The MYM study was approved by the Metro South Health Human Research Ethics Committee on 21 April 2016 (approval number: HREC/16/QPAH/125). Ethics approval has also been obtained from the University of Queensland Human Research Ethics Committee (approval number: 2016000554), Queensland University of Technology Human Research Ethics Committee (approval number: 1600000515) and QIMR Berghofer (approval number: P2271). The HOP study has received approval from the Human Research Ethics Committee (HREC) from Metro South Health HREC (HREC/17/QPAH/816) and the University of Queensland HREC (2018000074). The ComBineMel dataset is part of the Computer Biomarkers Evaluation of Invasive Melanoma (ComBine Mel) study. The study was approved by the Alfred Hospital Ethics Committee on 8 August 2023 (approval number: HREC/98200/Alfred-2023). The study follows the National Statement on Ethical Conduct in Human Research (2007) protocols. The SDDI2 dataset has been approved by the Ethics Review Board of the Medical University of Vienna. The MMT data study is part of a research agreement study with Monash eResearch Centre and was approved through the Monash University Human Research Ethics Committee. The naevus surveillance study images (NSSI) dataset is part of the Brisbane Naevus Morphology Study, circa 2009–2014. The study followed the Declaration of Helsinki protocols and was approved by the Princess Alexandra Hospital human research ethics committee.
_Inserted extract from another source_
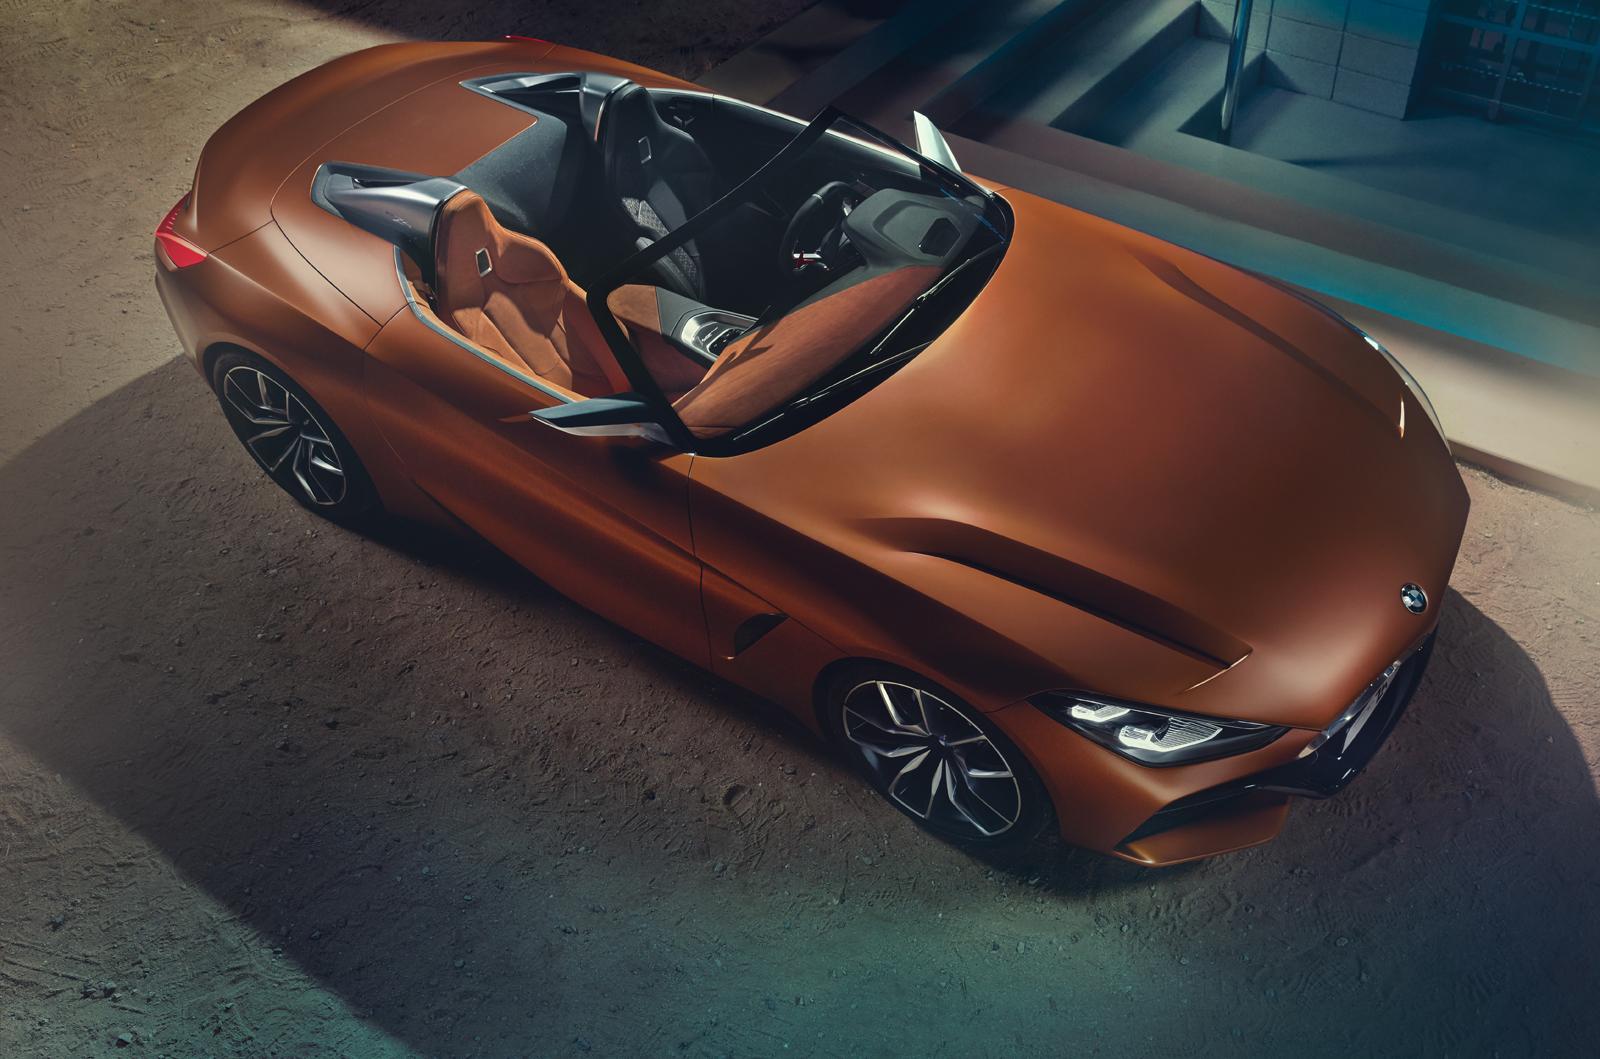 BMW_DCC070_03.jpg

The ACEMID pathology (ACEMID_path) pilot study has received approval from the Alfred Hospital Ethics Committee (approval number: 746/23) to share data accrued for registered trial ACTRN12619001706167 (ACEMID) under the Metro South Human Research Committee protocol HREC/2019/QMS/57206 and the University of Queensland Human Research Ethics Committee protocol 2019003077. The SDDI_Alfred study has received approval from the Alfred Hospital Ethics Committee (approval number: 198/19) for the use of sequential dermoscopic imaging data. Only de-identified retrospective data were used for research, without the active involvement of patients.
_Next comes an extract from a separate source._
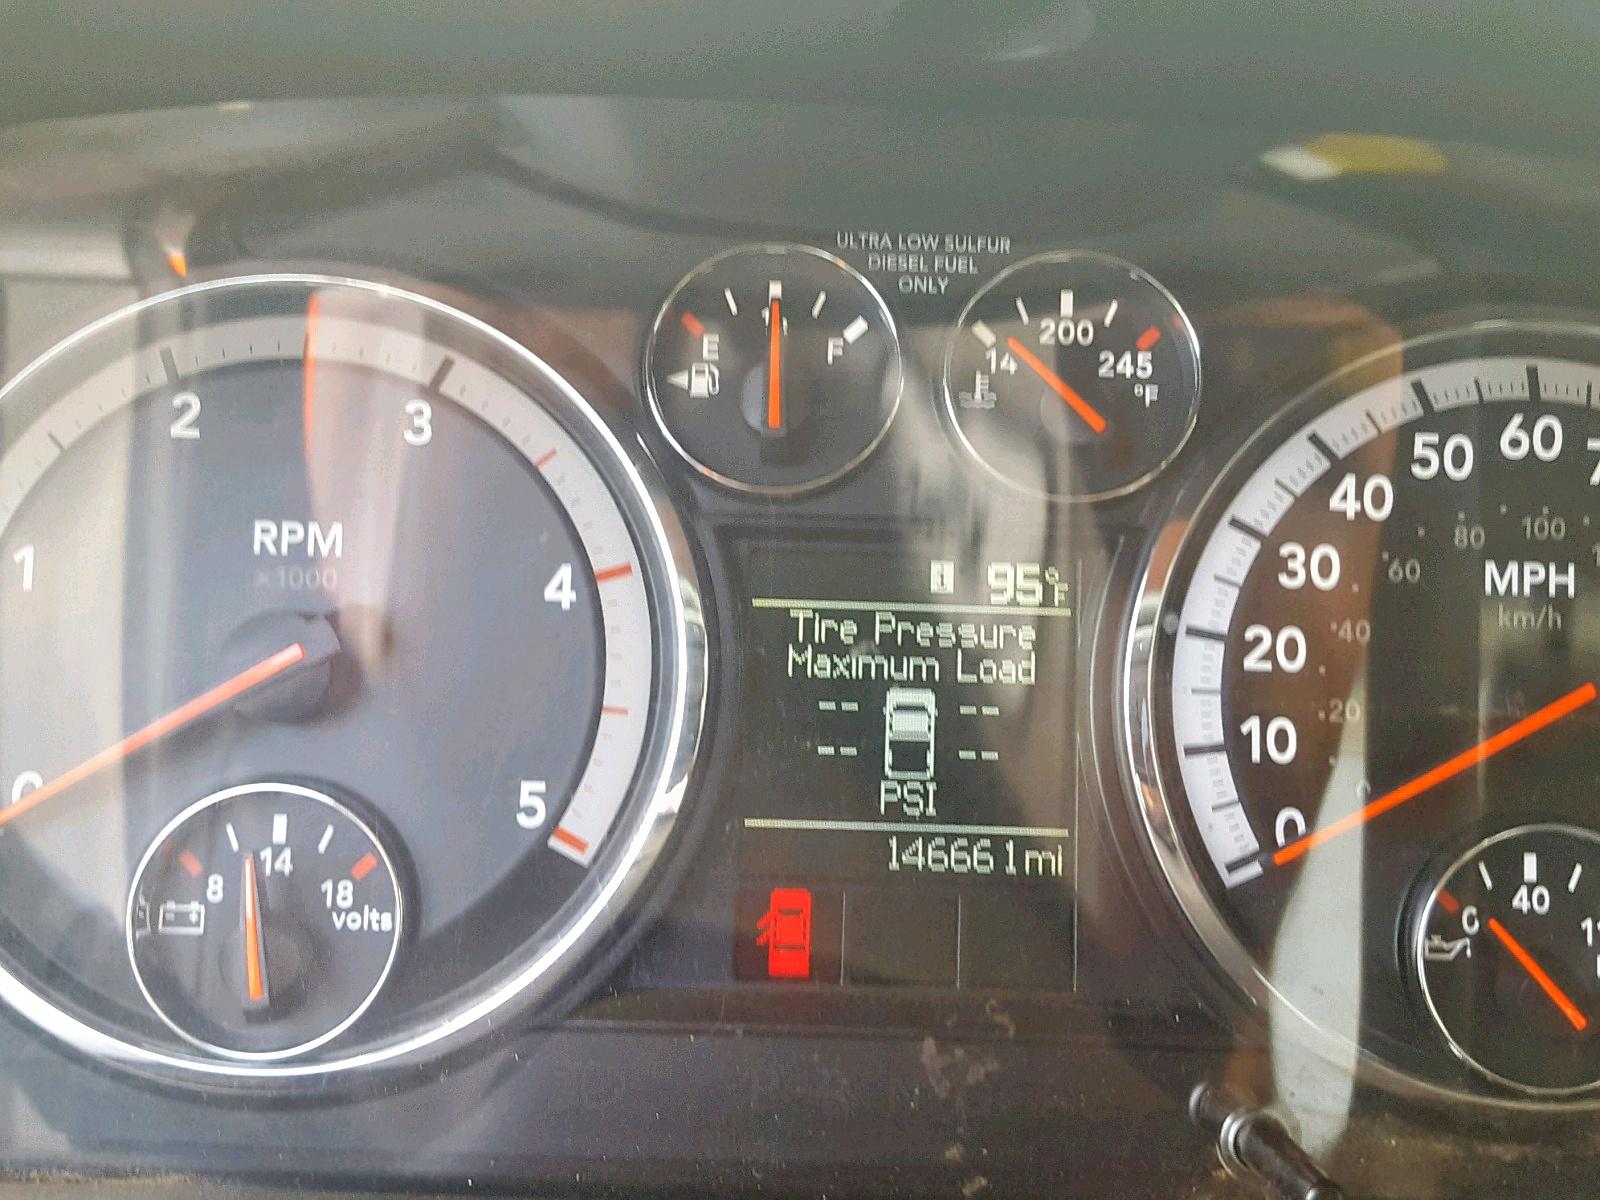 2012 Dodge Ram 2500 S 6 7L 6 in FL - Miami Central

Pretraining dataset for developing PanDerm

We curated an extensive pretraining dataset comprising 2,149,706 unlabeled multimodal skin images to develop PanDerm. This diverse dataset encompasses 4 imaging modalities and 11 data sources: 757,890 (35.3%) TBP tiles, 537,047 (25.4%) dermatopathology tiles, 460,328 (21.4%) clinical images and 384,441 (17.9%) dermoscopic images. This multimodality approach provides a comprehensive representation of skin lesions, enabling the model to learn robust features across different visual representations.

MYM cohort (TBP)

The MYM cohort⁵⁰ is an in-house dataset studying the natural history of melanocytic nevi from 193 Australian participants recruited from the electoral roll. Three-dimensional (3D) TBP was conducted using VECTRA WB360 (Canfield Scientific), capturing 92 cross-polarized two-dimensional (2D) images with standardized lighting to create a 3D avatar. The average lesion tiles per subject was approximately 500. The final dataset comprises 405,856 automatically detected lesion image tiles ≥2 mm in diameter. Demographic information is available in Supplementary Table 32.

HOP cohort (TBP)

The HOP study⁴⁹ is an in-house sequential dataset of high-risk melanoma individuals with 314 participants. Three-dimensional TBP imaging used the VECTRA WB360 system following the same protocol as MYM. Demographic and clinical data were collected through standardized questionnaires. More details about demographic information are available in Supplementary Table 33.

MYM and HOP cohort (dermoscopic)

These datasets also contain 38,110 dermoscopic images from suspicious lesions, providing complementary visualization of surface and subsurface structures potentially indicative of various skin conditions, particularly melanoma.

MMT dataset

The MMT dataset is an in-house collection amassed from over 150 clinics across Australia and New Zealand over a 15-year period. This extensive dataset primarily consists of paired polarized dermoscopic and clinical images. From this comprehensive collection, we curated a subset containing 316,399 dermoscopic images and 310,951 clinical images, providing a rich source of pretraining data for training purposes.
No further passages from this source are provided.